Here, we could have a variant of that situation. We have the candidate gene system first, and could sort individuals having, say, the highest 'risk' genotypes, compared to the lowest, and see if any environmental or other systematic genomic differences are found that differentiates the two groups.
Investigating even weakly causal factors could lead the way to discovering major pathogenic mechanisms or genetic or environmental contributors not yet known that interact with the identified gene region. There will be a flood of follow-up studies, one can be sure, but hopefully they will largely be focused investigations rather than repeat performances of association studies.
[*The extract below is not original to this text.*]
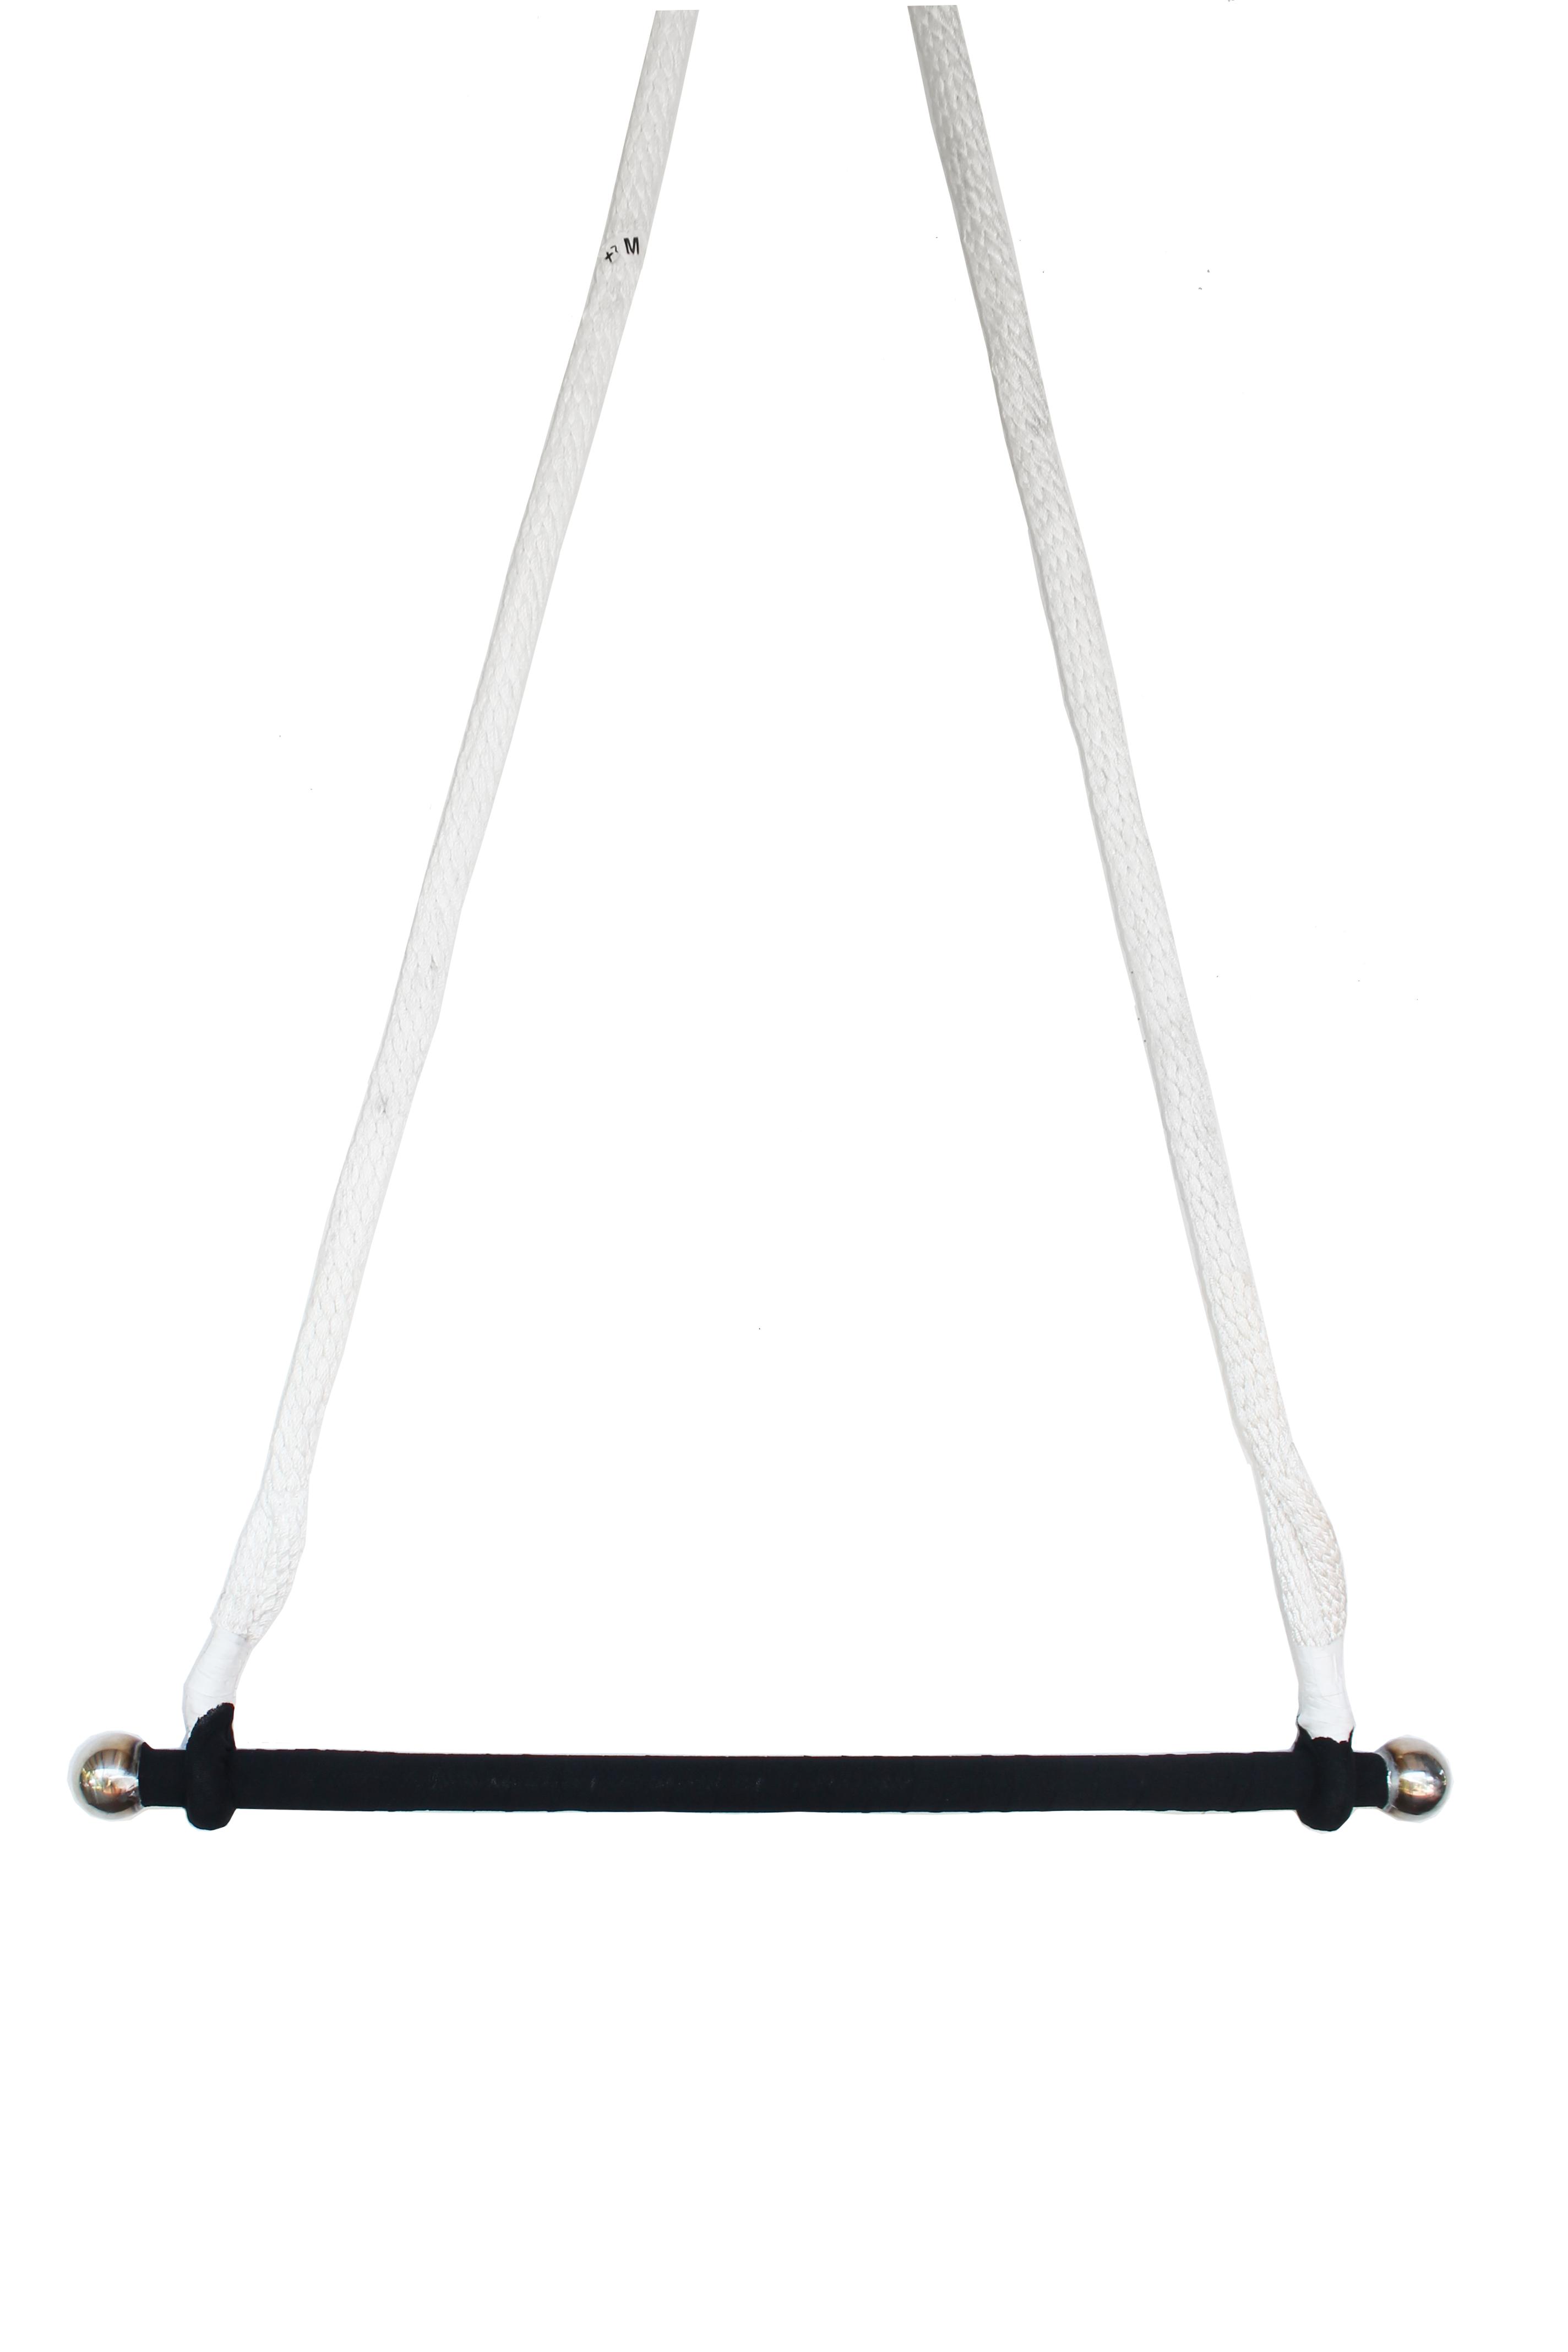 Trapeze Bars For Sale

Given the absolute risks, which are small for given individuals, there may or may not be any reason to think that intervening on the C4 system itself would be a viable strategy even if it could be done. This still seems to be a polygenic--many-factorial--set of diseases, for which some other preventive strategy would be needed. Time will tell.
In any case, circumspection is in order. Remember traits like Alzheimer's disease, for which apoE, presenilins, beta-amyloid, and tau-protein associations were found years--or is it decades?--ago and still mystify to a great extent. Or the critical region of chromosome 21 in in Down syndrome that has, as far as we know, eluded intensive study for similarly long times. And there are many other similar stories related to what are essentially polygenic disorders with major environmental components. This one is, at least, an interesting one.